Yes indeed, I'm always hoping to refine a project. For me, it's quite a learning experience that happens as I think things over. I hope that the future provides the resources and time to continue. And don't think for a moment that I will forget how you've inspired me towards a greater interest for plants, Chuck.  I wish the same for luck everyone (not just with plants, but being inspired).



hylahill said:


> Great tank Mike-I should have known, given the plants you had on hand! I built a tank in the fall that has just been through a major revision as well. I am a firm believer in the gardners approach-always tweeking "til you get it right. Course some of us don't know when to stop!


Haha, there's nothing better than a tank full of plants, ready for those 'special' spots in a display. I'm definitely one of those who can't stop 'playing' with things! Plus, part of growing the plants, for me, is finding out which do best where and how to make better spots for them. Still working on that one!
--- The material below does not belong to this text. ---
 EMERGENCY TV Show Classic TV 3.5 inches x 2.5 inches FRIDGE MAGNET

Since ya'll like the tank, I thought I'd take a couple pics of areas that weren't very visible in the FTSs. It's really kind of a mess though up close.



















Cheers,
Mike


----------



## hylahill (Jan 29, 2008)

Even better! I like messes-as a matter of fact, you should see my tank room right now!


----------



## roxrgneiss (Sep 30, 2007)

Right on! Nature is full of messes.  I meant to say before - I'd enjoy seeing your tank-redo if you get around to taking some pics.


----------



## thedude (Nov 28, 2007)

first of all that tank is awesome looking! ilike the bundle of broms at the top and how many ochids there are! you should post a pic when they all bloom

second! what is that awesome fern in the first pics?? you removed it but it looks like a mini palm tree! crazy looking


----------



## bobberly1 (Jul 16, 2008)

thedude said:


> first of all that tank is awesome looking! ilike the bundle of broms at the top and how many ochids there are! you should post a pic when they all bloom
> 
> second! what is that awesome fern in the first pics?? you removed it but it looks like a mini palm tree! crazy looking


It's called a Biophytum, definitely a beautiful plant.
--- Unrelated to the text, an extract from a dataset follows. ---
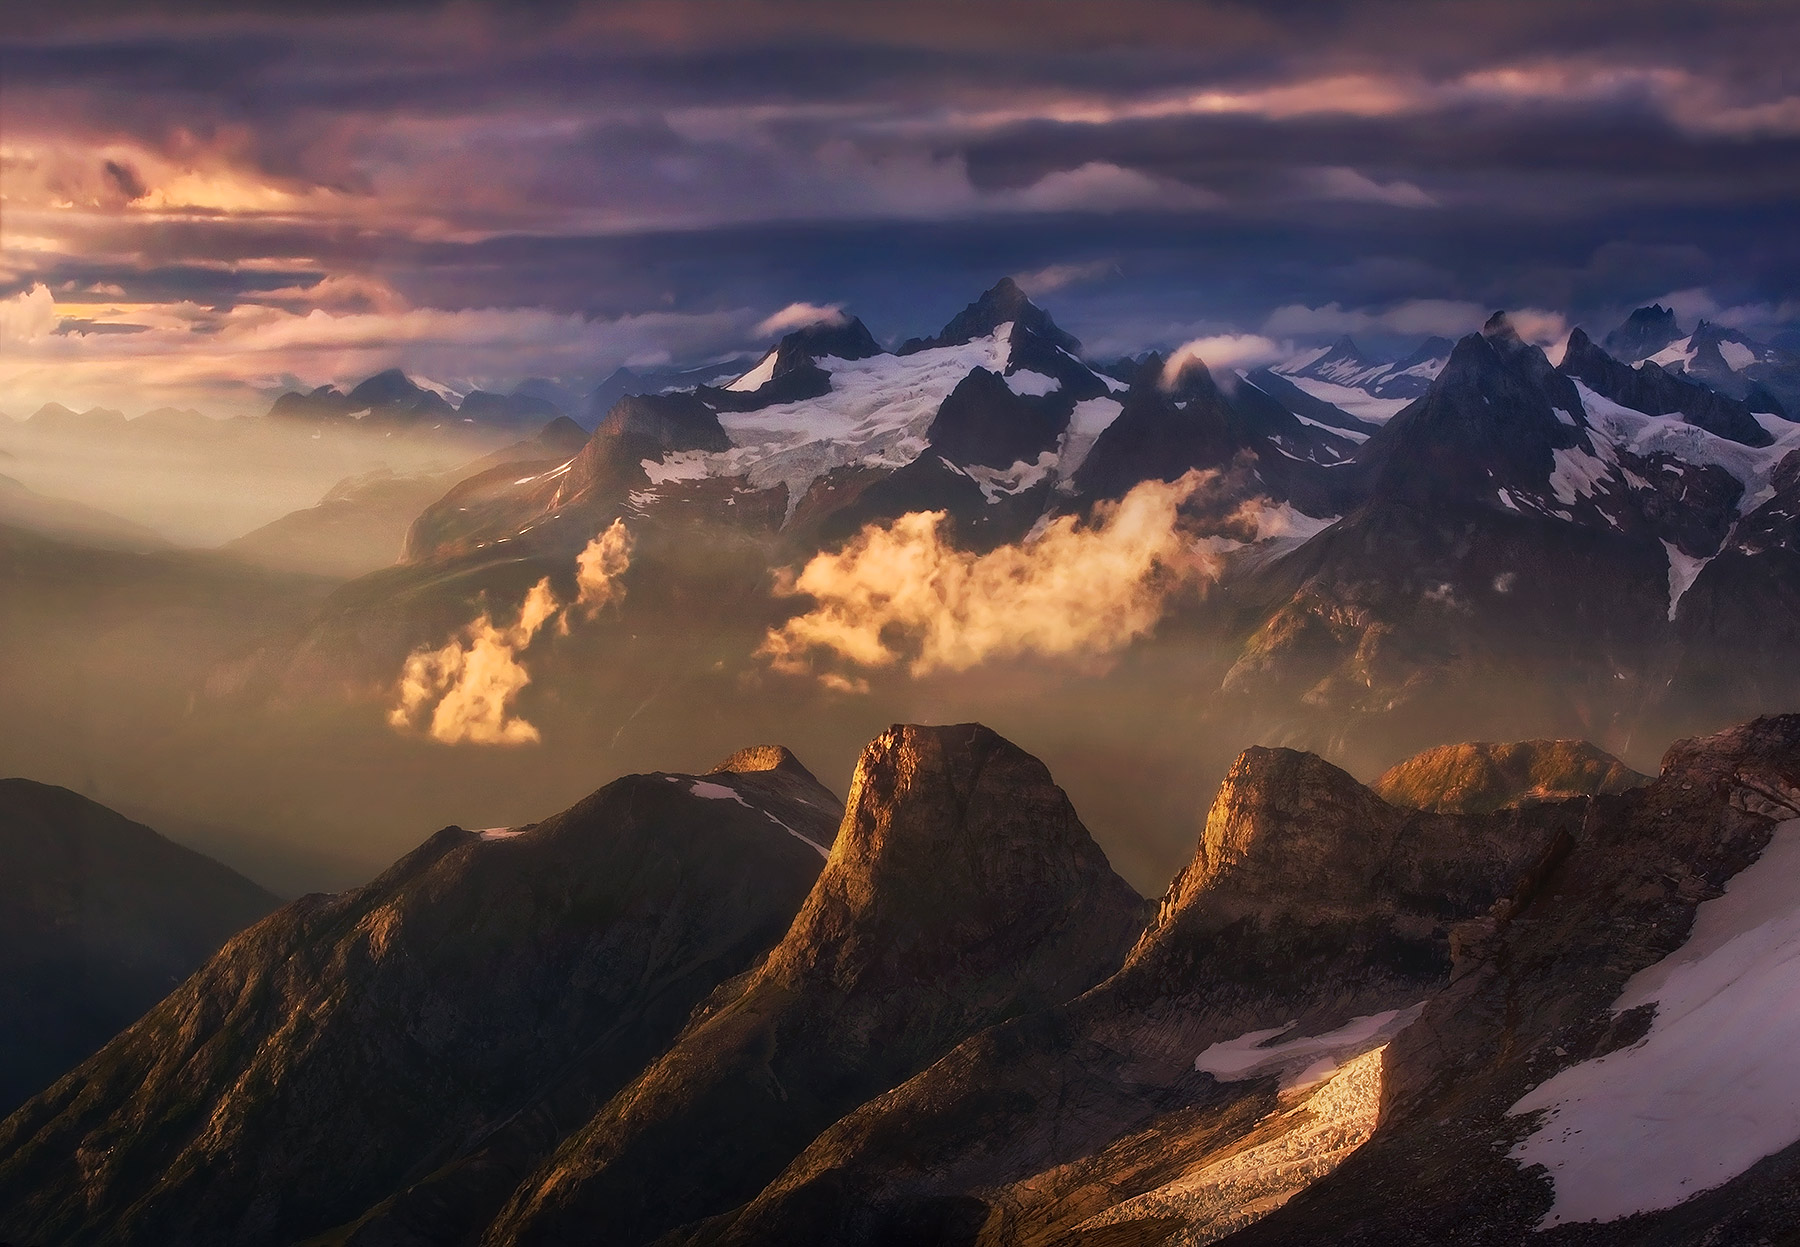 Evening light catches the misty air and peaks high in the Coastal Mountains in Alaska.

On a seperae not, can I ask what that beautiful plant with the thin stems and the arrow-shaped, pointy leavesis? It was in the middle of the last picture you posted.


----------



## roxrgneiss (Sep 30, 2007)

bobberly1 said:


> It's called a Biophytum, definitely a beautiful plant.
> 
> On a seperae not, can I ask what that beautiful plant with the thin stems and the arrow-shaped, pointy leavesis? It was in the middle of the last picture you posted.


Thanks, Adam. It would be cool to see everything in bloom at once! In these last pictures, there's a bulbo flower hanging in the middle of the tank... it's still in bloom, but it's upside-down now because of the way I oriented the bark it's attached to yesterday. It has big blooms (compared to most minis I have, but it smells a little off...) - Bulbo 'Daisy Chain'.

Yes, the palmy plant that's gone is a Biophytum species. It gets a little larger than the average B sensitivum that you see most often in terrariums; the diameter was nearing a foot when I removed it. I really enjoyed it though.

Mike, I'm not sure which plant you are thinking of, since there are a few
with arrow-shaped leaves. Here's a pic with the pointy ones labeled:










1.NOID fern
2.Algaonema costatum
3.Pleurothallis rowleei
4.NOID Syngonium sp 'narrow'

Hope the one you were looking at is listed!

Mike


----------



## Phyllobates (Dec 12, 2008)

Mike, a few more questions if you don't mind. Do you use a false bottom or leca/equivalent? Also, is the tank ventilated in any way? And you use abg mix right? Thanks!


----------



## roxrgneiss (Sep 30, 2007)

Phyllobater said:


> Mike, a few more questions if you don't mind. Do you use a false bottom or leca/equivalent? Also, is the tank ventilated in any way? And you use abg mix right? Thanks!


I do have leca pellets, maybe 2.5-3" deep, with mesh covering it in this tank. I like false bottoms just as well, but I was in a hurry when I first put this together. 

The Zoo Med tank comes with some ventilation on the lower front, but I added silicone to cover it. I also siliconed a glass panel over the screen top, so the only ventilation comes from the cracks around the door and lid. I left the screen in place as a fail-safe in case the glass ever breaks. There is also a 40mm computer fan inside the tank that I try to run for a few hours/day for internal circulation. In another tank that stays more moist and humid, the fan runs all day to dry things off after 2 to 3 mistings/day.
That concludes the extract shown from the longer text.